What do your WG configs look like?  Are you using IPs, domains, etc?

Apologies, forgot to reach back out on this!

1. Made changes to nothing else except WG because I wanted to confirm it was WG and not something else
2. Neither work prior to restarting the service, both work after
3. IPs, following the guide word-for-word from the OPNsense wiki as well. Basically kept DNS out of this as much as possible.

Hoping Kinerg's bug report and next update will resolve all this though, so guess we'll see soon-ish? :D

[CJ]

Apologies, forgot to reach back out on this!

1. Made changes to nothing else except WG because I wanted to confirm it was WG and not something else
2. Neither work prior to restarting the service, both work after
3. IPs, following the guide word-for-word from the OPNsense wiki as well. Basically kept DNS out of this as much as possible.

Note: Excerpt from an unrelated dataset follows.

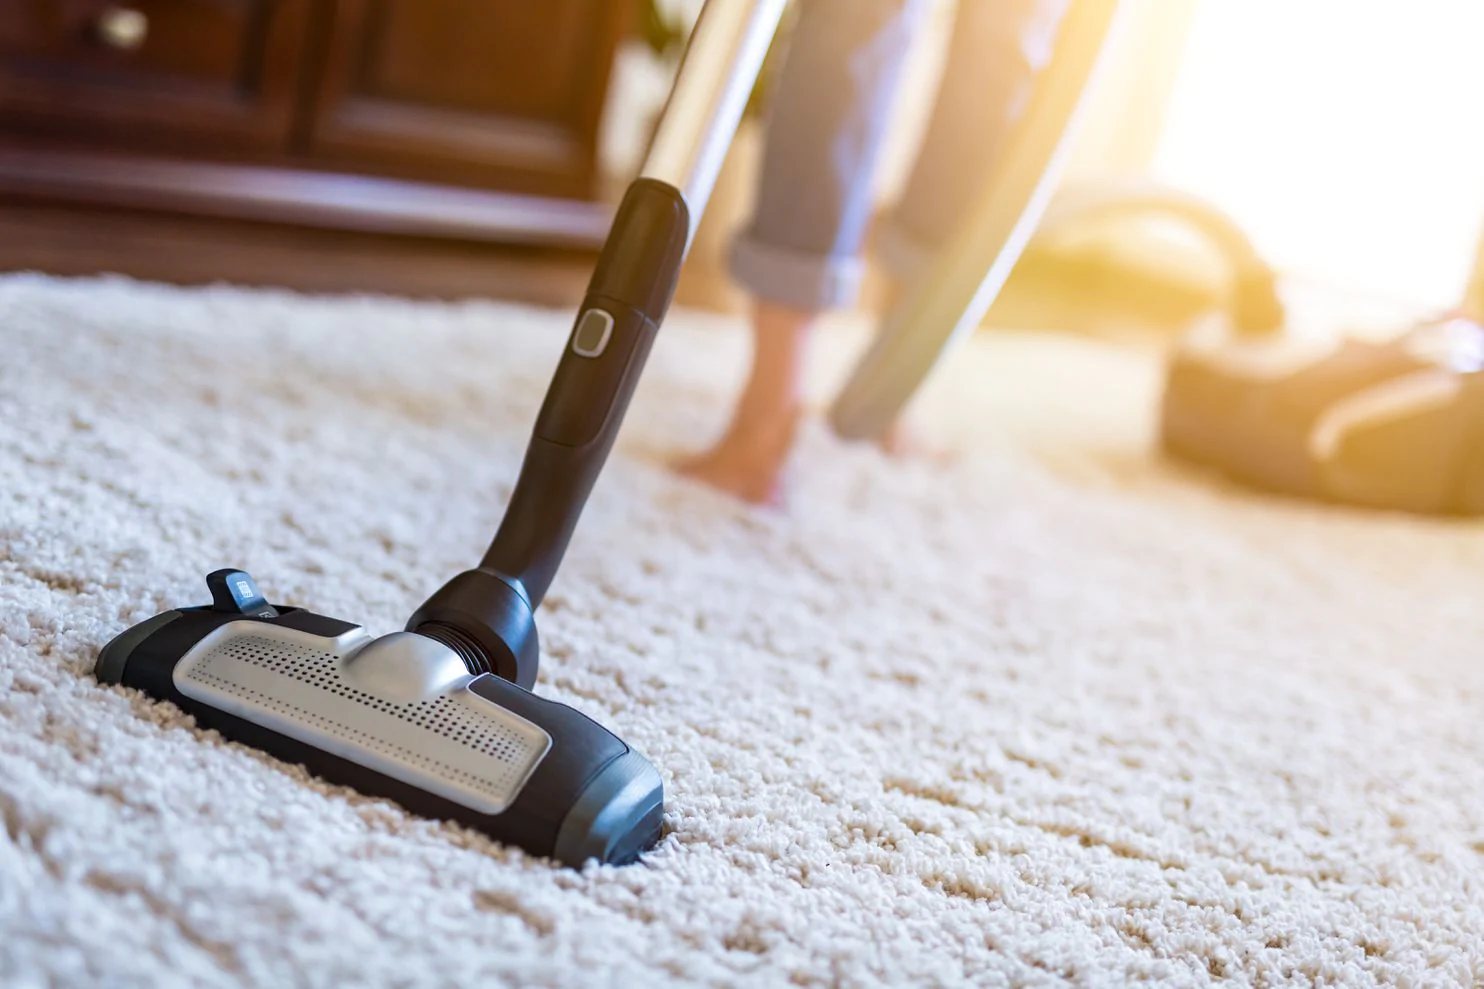 Carpet Cleaning is Essential

Hoping Kinerg's bug report and next update will resolve all this though, so guess we'll see soon-ish? :D

When you say it doesn't work, what specifically?  Are you unable to ping, unable to resolve domains?  Something else?

Lastly, are you using Keepalive 25 in your configs?

I've restarted OPNSense multiple times over the course of troubleshooting my ISP issues and never had to touch WG beyond initially setting it up.